Not everything is linear. The hypothesis has known boundaries:

Subspace, not direction. Some behaviors are better described by a \(k\)-dimensional subspace than a single direction. Vauban's subspace measurement mode extracts the top-\(k\) singular vectors to capture richer structure. If a concept requires \(k > 1\) dimensions, a single direction misses the off-axis components.

SVD (Singular Value Decomposition) — a technique that breaks a matrix into its most important "axes of variation," ranked by importance. Think of it like finding the main ingredients in a recipe: the first singular vector captures the biggest pattern, the second captures the next biggest, and so on. In Vauban, SVD finds the top directions along which harmful and harmless activations differ most.

Detection vs. execution. DBDI shows that "refusal" is really two things: harm detection (HDD) and refusal execution (RED). These correspond to different directions at different token positions. Treating refusal as a single direction conflates them. Separating them allows finer-grained intervention — cut RED while preserving HDD.

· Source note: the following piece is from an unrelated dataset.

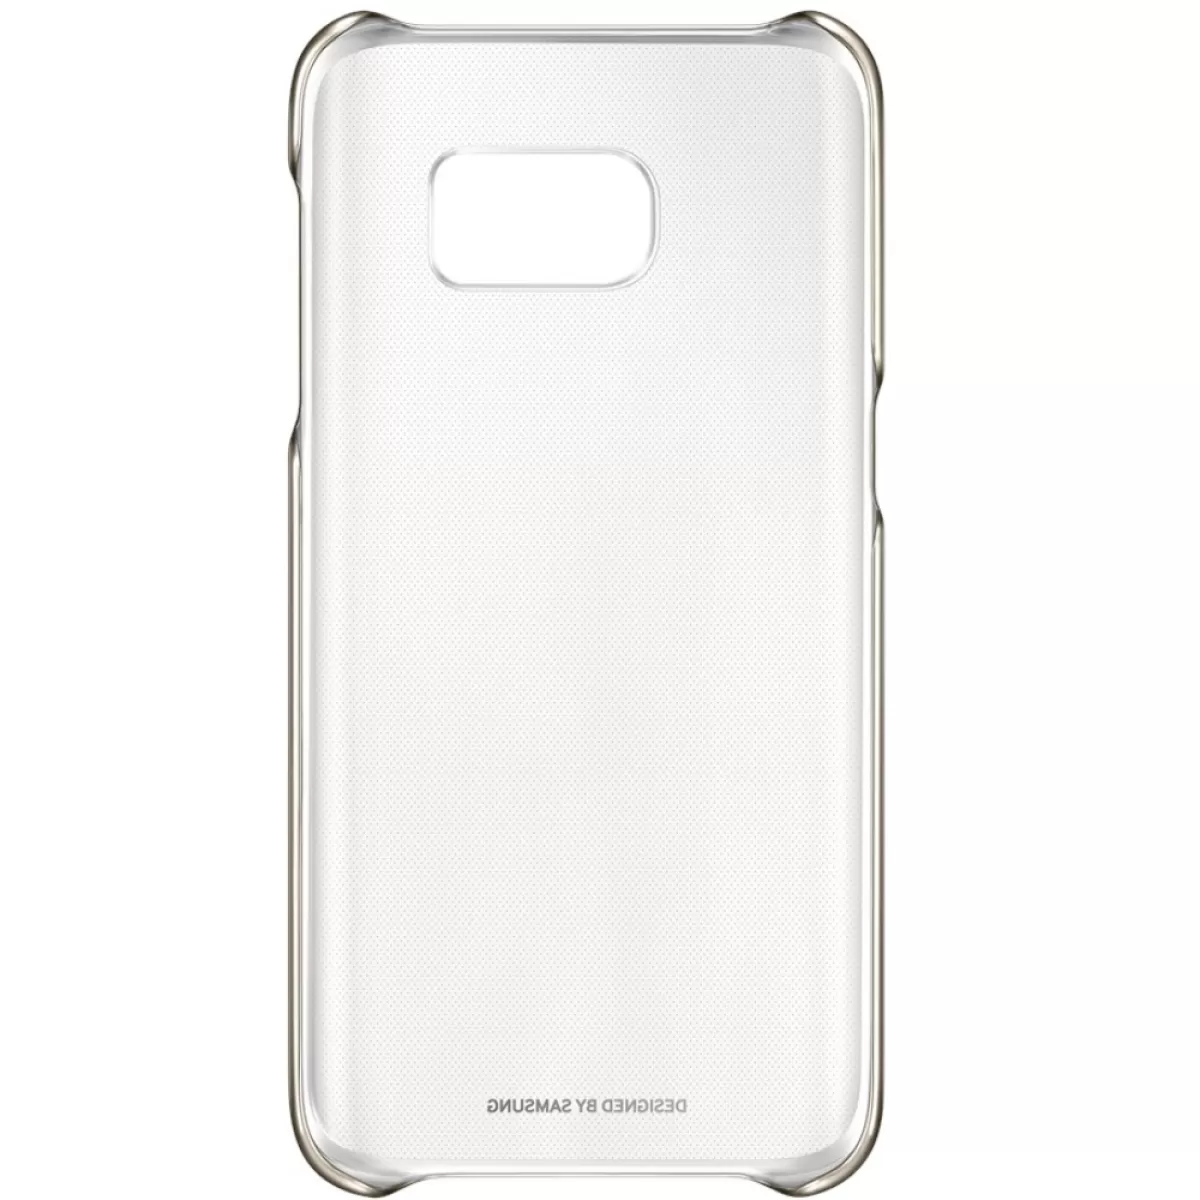 Samsung Galaxy S7, Clear Cover, Gold

Distributed effects across layers. A direction extracted at one layer may not capture contributions from other layers. Weight-diff measurement (LoX, Lermen et al.) operates on weight matrices directly, capturing distributed safety effects that activation-based measurement may miss.

Non-linear interactions. Compositional behaviors — "be helpful unless the request is harmful" — involve conditional logic that a single linear direction cannot represent. The linear representation hypothesis describes the components; the interactions between components may be non-linear.

Practical implication

When a rank-1 direction does not fully capture a behavior (e.g., cut reduces refusal but also damages quality), try subspace or DBDI measurement. If the behavior is not well-approximated by any low-rank subspace, activation-space intervention may not be the right tool.